Astana’s brand new Central Railway Station sports huge screens of flicking adverts, fully computerized arrivals and departures information panels as well as loud speaker information in English, Russian and Kazakh languages. When his wife comes to pick him up, one of the guys in the compartment not only offers to carry my luggage off the train and along the platform, but ends up giving me a lift to my hostel. Not content with dumping me at the door, he then promptly carries my bags up three flights of stairs to the place and leaves before I can properly thank him. Even the lady at the reception desk is impressed.

Nurzhol Boulevard Astana

I remember this same kind of treatment when I was travelling through Pakistan around 12 years ago. There, along the Karakoram highway, the Pathan fellow (the local tribespeople of Northern Pakistan) behind the desk at a local convenience store had refused money from me to pay for my wares, saying I was a guest in their country therefore to please accept the offering. Not a trick, but a genuine level of hospitality that is rampant in this part of the world. It makes me feel humble, grateful and above all, accepted.

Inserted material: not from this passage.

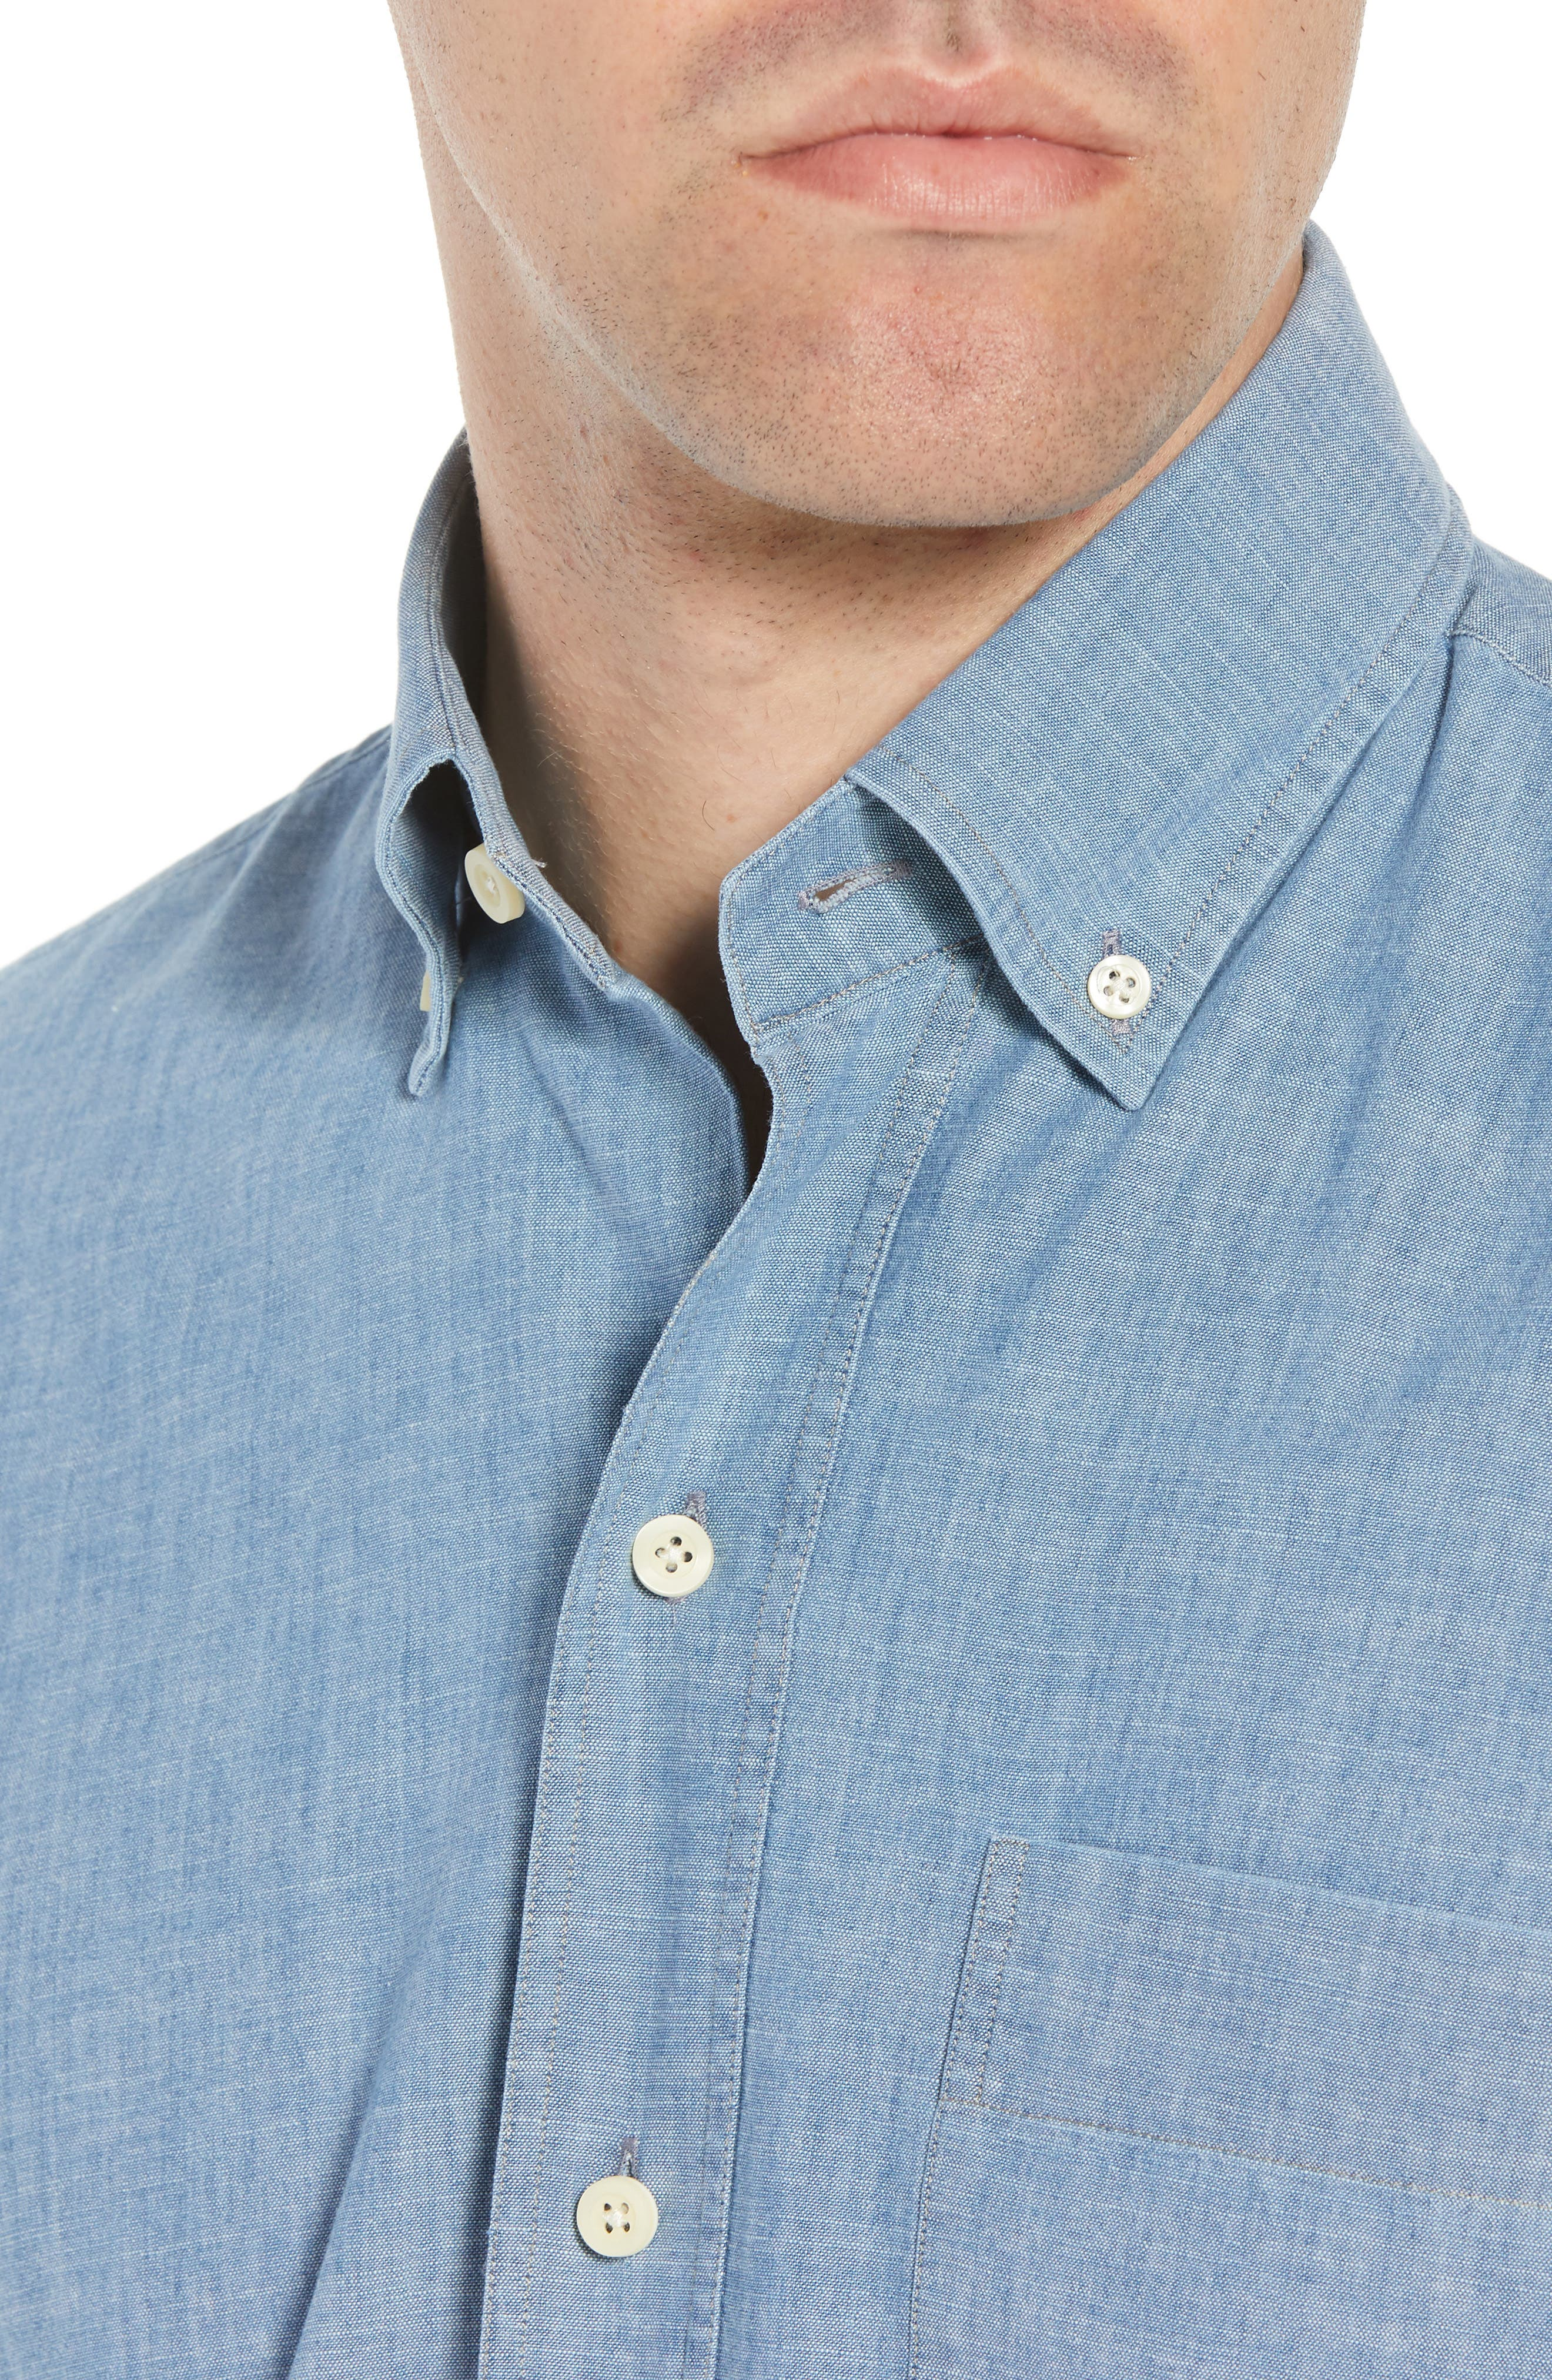 Ancroft Slim Fit Chambray Sport Shirt,                             Alternate thumbnail 4, color,                             Blue

Flowers along Nurzhol Boulevard, Astana

I have seen pictures of Astana online and heard mixed rumours about it and to say the least, I am already astonished with what I find. Without prejudgment due to my scanty research on the place, the first thing that comes to mind when I see the brand new Nurzhol Boulevard, basically an axis out of which flow geometric shapes of all designs using all different types of structures, is that the person who designed this has no ordinary vision. Even the flowers themselves, each one a fabulous geometric shape are laid out in voluptuous patterns, their colours swirling into greater shapes, a macrocosmic whole containing microcosmic individuals, a bit like my photo collage artwork !

Totally into the scene arising around me and not asking too many questions yet about why it is so, I wander along this fascinating street on my way to the National Library, to present them with two of my books.